Records from a data source:
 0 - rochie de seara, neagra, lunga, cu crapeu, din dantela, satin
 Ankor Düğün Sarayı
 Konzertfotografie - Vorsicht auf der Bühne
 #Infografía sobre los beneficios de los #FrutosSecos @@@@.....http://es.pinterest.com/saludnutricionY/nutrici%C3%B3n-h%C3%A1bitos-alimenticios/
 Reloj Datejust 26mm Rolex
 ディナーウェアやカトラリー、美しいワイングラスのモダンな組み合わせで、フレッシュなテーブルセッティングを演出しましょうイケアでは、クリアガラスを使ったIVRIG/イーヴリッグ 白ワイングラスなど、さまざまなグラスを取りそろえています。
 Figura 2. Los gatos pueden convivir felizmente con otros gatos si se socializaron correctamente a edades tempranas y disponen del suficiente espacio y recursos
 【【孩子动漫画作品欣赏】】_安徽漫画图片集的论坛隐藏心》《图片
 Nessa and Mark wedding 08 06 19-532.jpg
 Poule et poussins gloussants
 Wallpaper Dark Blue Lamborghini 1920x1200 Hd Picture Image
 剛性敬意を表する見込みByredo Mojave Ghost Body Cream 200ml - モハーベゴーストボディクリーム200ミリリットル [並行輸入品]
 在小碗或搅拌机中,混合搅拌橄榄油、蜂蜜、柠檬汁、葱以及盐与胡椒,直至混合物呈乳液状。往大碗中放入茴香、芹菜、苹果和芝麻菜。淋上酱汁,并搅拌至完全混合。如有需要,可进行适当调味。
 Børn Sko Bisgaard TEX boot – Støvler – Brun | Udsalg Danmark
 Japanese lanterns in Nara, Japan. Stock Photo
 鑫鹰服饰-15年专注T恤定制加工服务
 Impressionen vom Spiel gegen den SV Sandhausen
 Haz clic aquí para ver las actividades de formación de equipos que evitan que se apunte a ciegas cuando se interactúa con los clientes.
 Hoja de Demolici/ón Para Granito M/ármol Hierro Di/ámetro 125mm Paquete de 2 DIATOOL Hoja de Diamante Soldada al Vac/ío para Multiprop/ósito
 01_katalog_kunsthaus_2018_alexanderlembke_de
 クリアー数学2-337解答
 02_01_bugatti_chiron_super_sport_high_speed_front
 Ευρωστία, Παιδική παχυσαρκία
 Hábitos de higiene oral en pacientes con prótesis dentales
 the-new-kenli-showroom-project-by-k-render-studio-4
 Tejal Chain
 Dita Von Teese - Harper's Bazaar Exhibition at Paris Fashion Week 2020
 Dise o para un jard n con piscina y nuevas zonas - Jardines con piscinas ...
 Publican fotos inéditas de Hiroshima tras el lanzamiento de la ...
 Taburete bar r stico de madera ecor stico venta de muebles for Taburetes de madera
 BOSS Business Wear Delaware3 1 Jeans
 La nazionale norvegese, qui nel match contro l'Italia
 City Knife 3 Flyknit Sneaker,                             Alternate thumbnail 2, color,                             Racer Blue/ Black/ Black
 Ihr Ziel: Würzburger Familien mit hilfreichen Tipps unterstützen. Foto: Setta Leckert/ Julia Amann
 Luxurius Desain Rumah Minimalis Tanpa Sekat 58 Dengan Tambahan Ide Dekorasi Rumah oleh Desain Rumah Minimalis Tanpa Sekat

## Task description
Please repeat word for word the lines above that run from the beginning through the line containing "ディナーウェアやカトラリー、", keeping both the first and that last line.

## Response
 0 - rochie de seara, neagra, lunga, cu crapeu, din dantela, satin
 Ankor Düğün Sarayı
 Konzertfotografie - Vorsicht auf der Bühne
 #Infografía sobre los beneficios de los #FrutosSecos @@@@.....http://es.pinterest.com/saludnutricionY/nutrici%C3%B3n-h%C3%A1bitos-alimenticios/
 Reloj Datejust 26mm Rolex
 ディナーウェアやカトラリー、美しいワイングラスのモダンな組み合わせで、フレッシュなテーブルセッティングを演出しましょうイケアでは、クリアガラスを使ったIVRIG/イーヴリッグ 白ワイングラスなど、さまざまなグラスを取りそろえています。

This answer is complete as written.